CDO’s Data Trust Value Chain: Part 1
A positive feedback loop for building a data culture
As my fifth anniversary as a Collibrian approaches, what I believe best characterizes our activities as an organization is the fact that we have been at the forefront of the data revolution. A revolution that promises to make data available for informed decision making and protect the rights of data citizens and promises to build an inclusive data culture in an organization. Over the course of these years, I have developed a framework that I have been using to advise data teams and their stakeholders when it comes to the composition of the tools that they use to rollout their data governance, and data stewardship programs. Data teams and their stakeholders include, but are certainly not limited to CDOs, members of the data office, business process owners, data stewards, information architects, data architects, report delivery teams, and more.
What I would like to do in this blog series is to provide CDOs and data teams with a framework that they can use to validate their decisions around setting up the processes of data management and the technologies to help them run and sustain the data program. With this background, let’s set the first goal for the data organization:
“Data Value: Our data should save or make us money”
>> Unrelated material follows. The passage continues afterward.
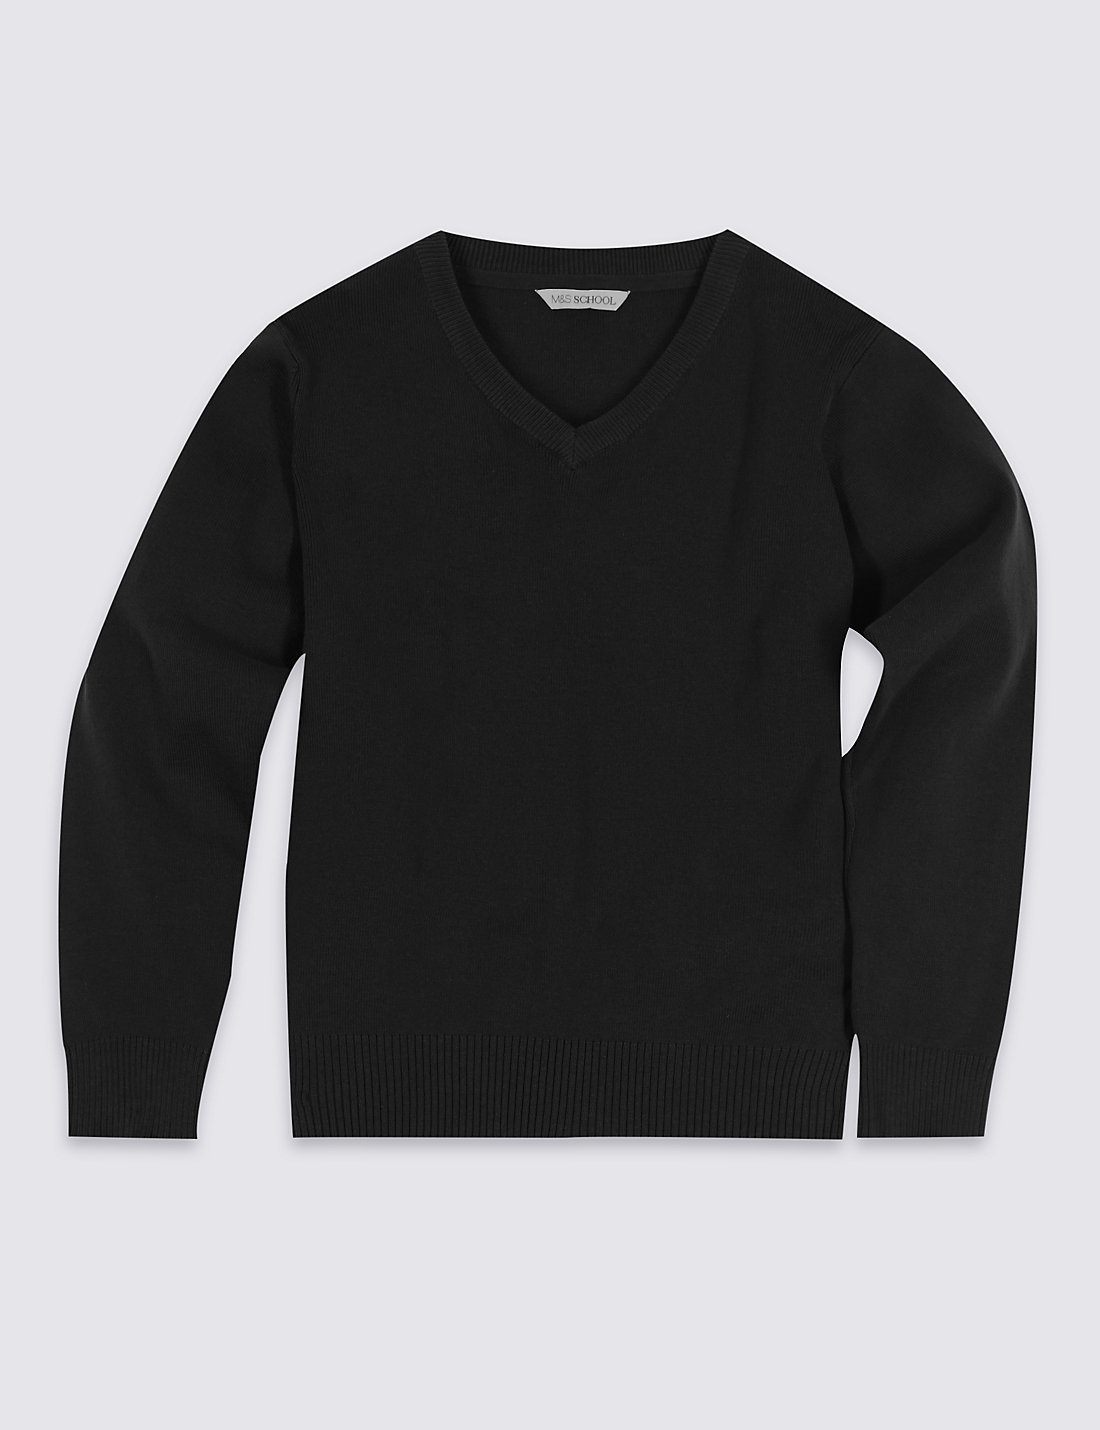 Get a trendy look with black jumper

Focusing on goals such as the above is the only way to define and run a sustainable data program. Keeping an eye on the data value and measuring monetary impact helps accelerate the process of securing funds for the data program and establish the data program as a business function in the organization.
Depending on the industry in which you are and the pressing needs of your organization, data value presents itself in various use cases. Here are some examples:
- The need for certified reports for resource planning and optimizing refunds
- The need for analytics for customer engagement, customer satisfaction, next best action
- The need for banks to control their credit risk as a response to the 2008 financial crisis and in light of regulations such as BCBS 239 and CCAR
- The monetary impact of data quality issues in business processes
- The need for protection of personal data, in light of regulations such as GDPR
- Facilitate access to market data while making sure we don’t overpay for them
- And the list goes on
The question now is: “How can the data organization achieve their first goal i.e. data value?” Well, I am going to argue that the first goal can only be achieved if the data organization sets another goal as follows:
“Data Trust: Data citizens should trust our data”
Many of the use cases that are mentioned above are directly related to data trust. For instance, in the case of the BCBS 239 regulation, the regulator, as an external data citizen, is demanding proof around the risk data aggregation practice so they can trust a bank’s risk exposure reports. The same reasoning applies for GDPR and most other regulatory compliance drivers of the data program. As this series continues, I am going to define different categories of data citizens and provide supporting arguments for my claim, especially for the less obvious use cases such as customer satisfaction, resource planning, and next best action scenarios. What’s more, I will describe what data citizens need in order to achieve data trust.
What I would like you to remember from this blog post is the fact that the data organization should set the following goals to measure their performance if they want to unlock the full potential of their organization’s data:
- Data value: our data should save or make us money.
- Data trust: data citizens should trust our data.
Allow me to be clear. Even though these goals are simple, it doesn’t mean that they are easy to reach, especially in large and complex organizations. The road to achieving these goals is intense, yet rewarding I’m sure.